Меня провожали ласково, желали и доброго здоровья, и счастья, и удачи. Все целовались со мной, предварительно вытерев губы тыльной стороной ладони.
Отвезли меня на «Керчь» на своей шаланде Христина с Наталкой. Взяли с собой и двух мальчиков. Я ничего не сказал Христине про разговор с Иваном Егоровичем. Неловко было сознаваться в своей оплошности.
Я поднялся на палубу «Керчи», заваленную прессованным сеном, и подошел к борту. Пароход заревел свирепым басом, совершенно не вязавшимся с его потрепанным видом и ничтожной величиной.
Колеса взбили зеленую пенистую воду. Наталка стояла в байде. Лицо у нее жалко сморщилось, и она закрыла его рукавом. Она плакала, а Христина, наклонившись к ней, тормошила ее и смеялась.

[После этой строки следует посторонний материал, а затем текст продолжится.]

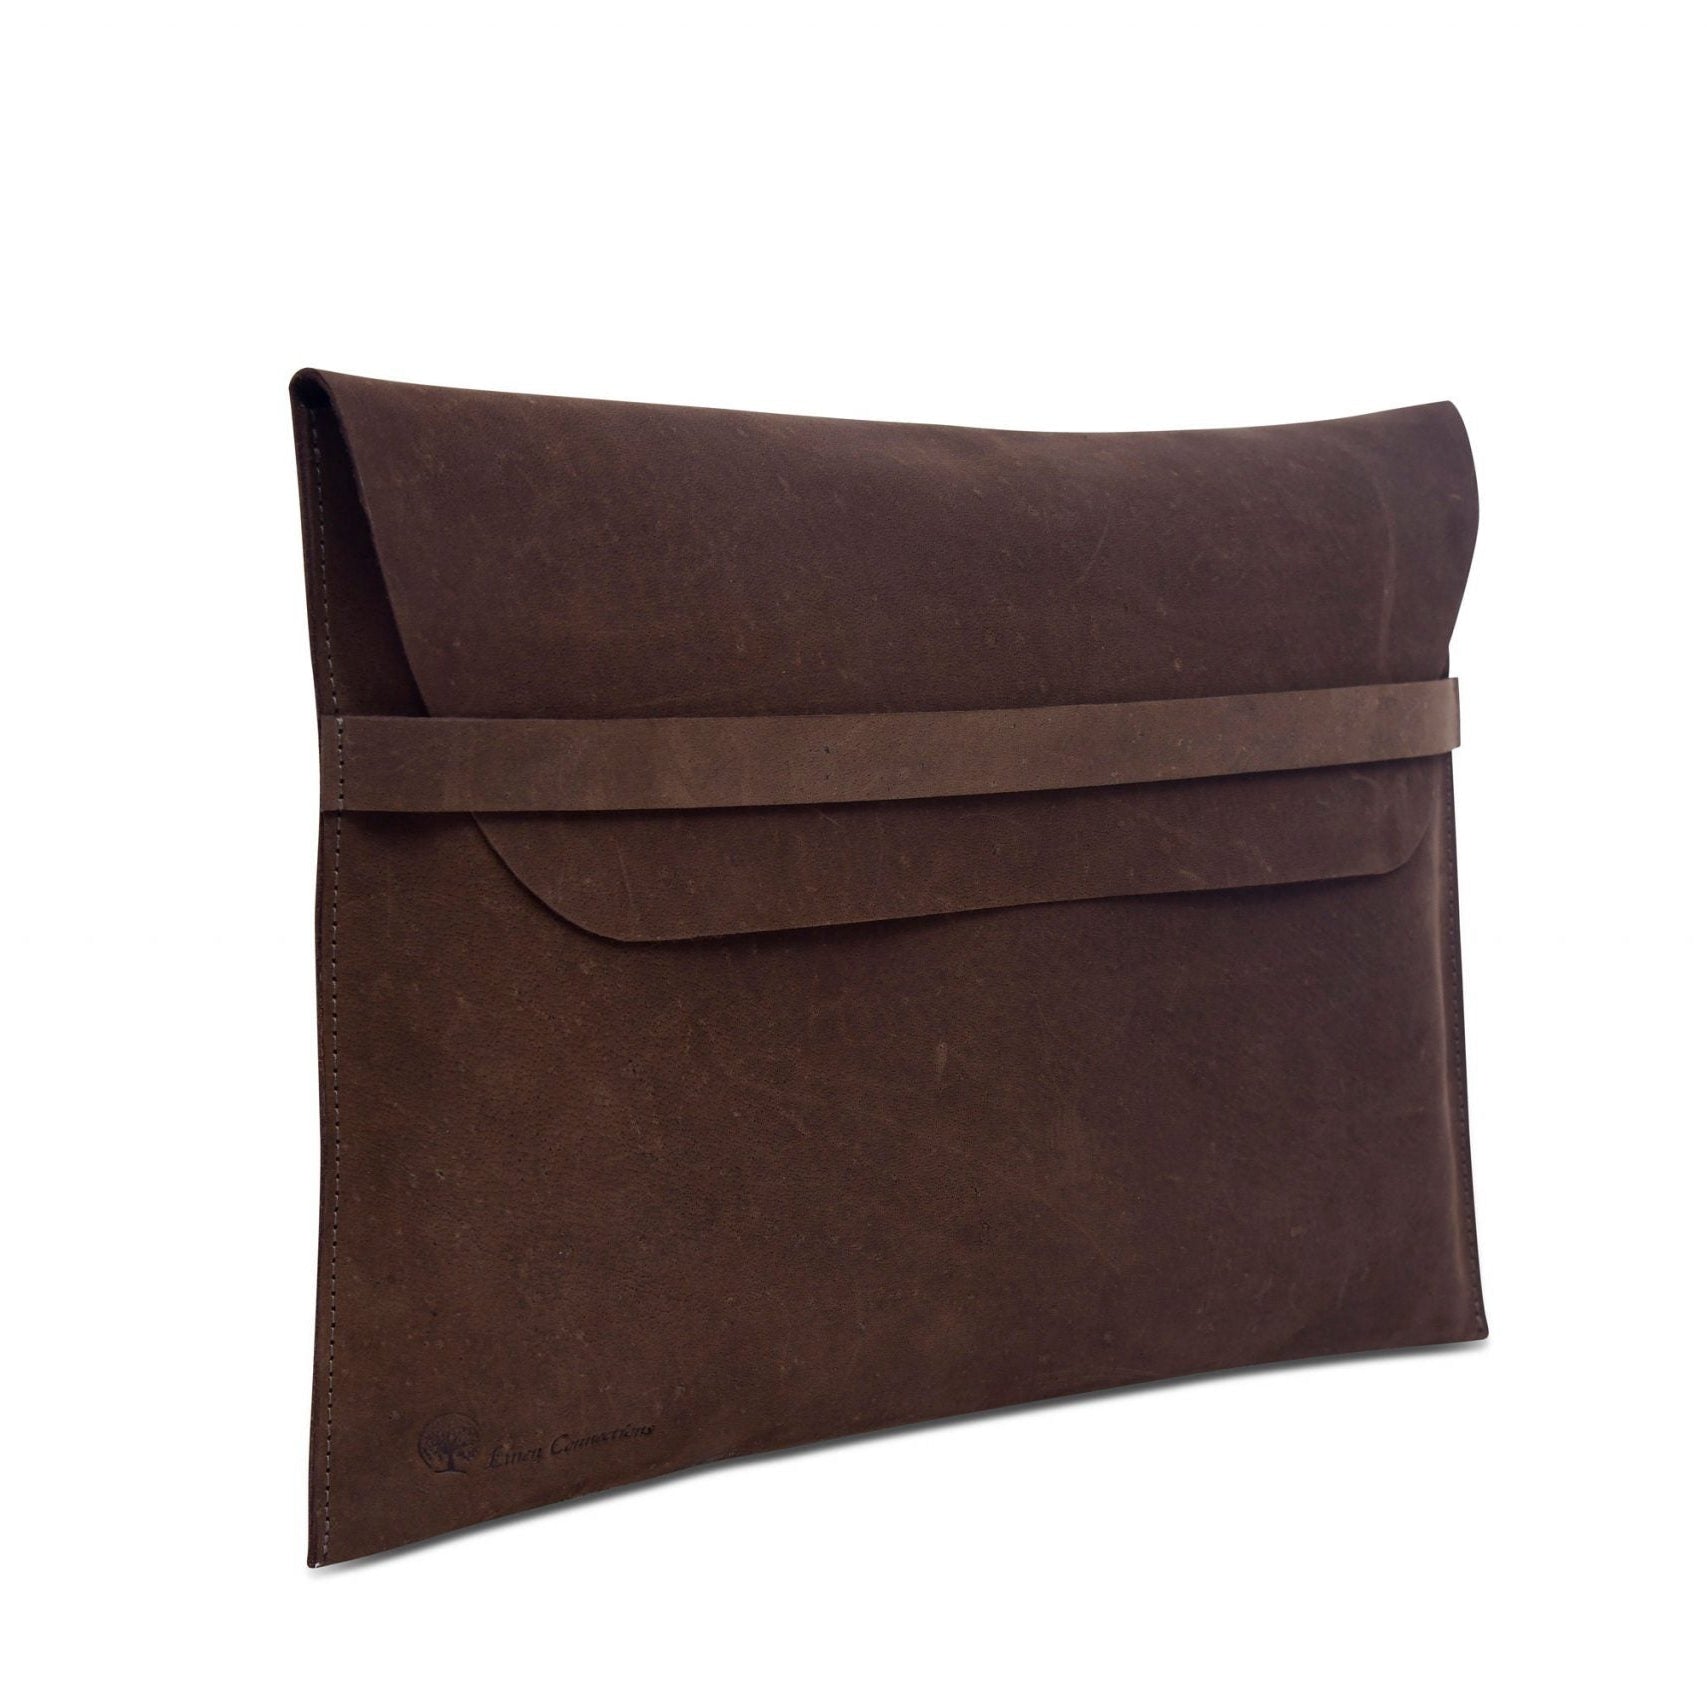 Handmade Genuine Leather macbook sleeve case for 12 13 15 inch macbook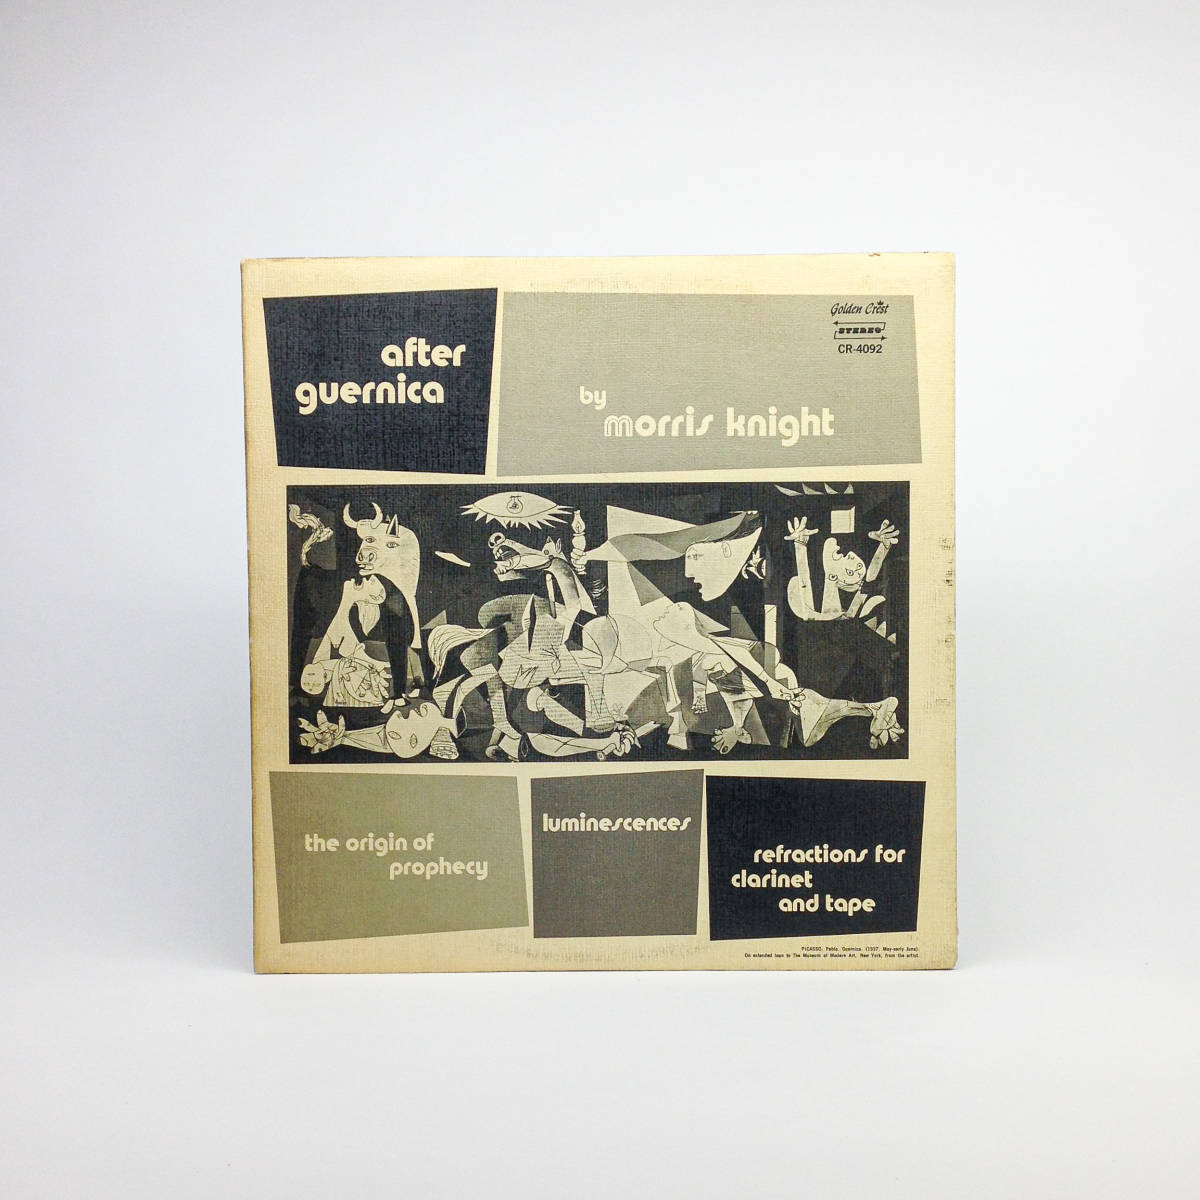 [LP] \'69 рис Orig / Morris Knight / After Guernica / Golden Crest / CR-4092 / Experimental

Байда начала отодвигаться вместе с берегом. Оттуда женщины махали белыми платками, и казалось, что над берегом все над одним и тем же местом низко вьется стая чаек и не решается сесть на песок. Заплаканная Наталка тоже махала своим выцветшим зеленым платочком.
Пароход уносил меня от знакомого обрывистого берега. Опять, как при всех переменах в жизни, болезненно билось сердце. И было тем труднее, что жизнь складывалась как-то нелепо. Между отдельными ее частями не было никакой связи. Люди, внезапно появившись в моей жизни, так же внезапно из нее исчезали, может быть навсегда.
Из Мариуполя я послал телеграмму Любе в Харьков. А послав, начал жалеть об этом. Но было уже поздно.
В Харьков поезд пришел ранним зябким утром. На перроне меня ждала Люба. Она была в коротком жакете и легком платочке на голове. Ей было холодно, и даже губы у нее посинели.
Она бросилась ко мне. Мы поцеловались. Потом она внимательно посмотрела мне в глаза, взяла за руку, и мы молча отошли за какой-то заколоченный киоск на платформе.
– Не говорите мне ничего, – сказала Люба.
Она обняла меня за плечи и прижалась головой к моей груди, как будто искала защиты. Я молчал. Она прижималась ко мне все крепче и крепче, и голова ее вздрагивала. Так прошло несколько минут. Ударил третий звонок. Люба подняла голову, быстро перекрестила меня, отвернулась и пошла прочь по перрону, прижав к лицу край своего платка. Я вошел в вагон. Поезд тронулся.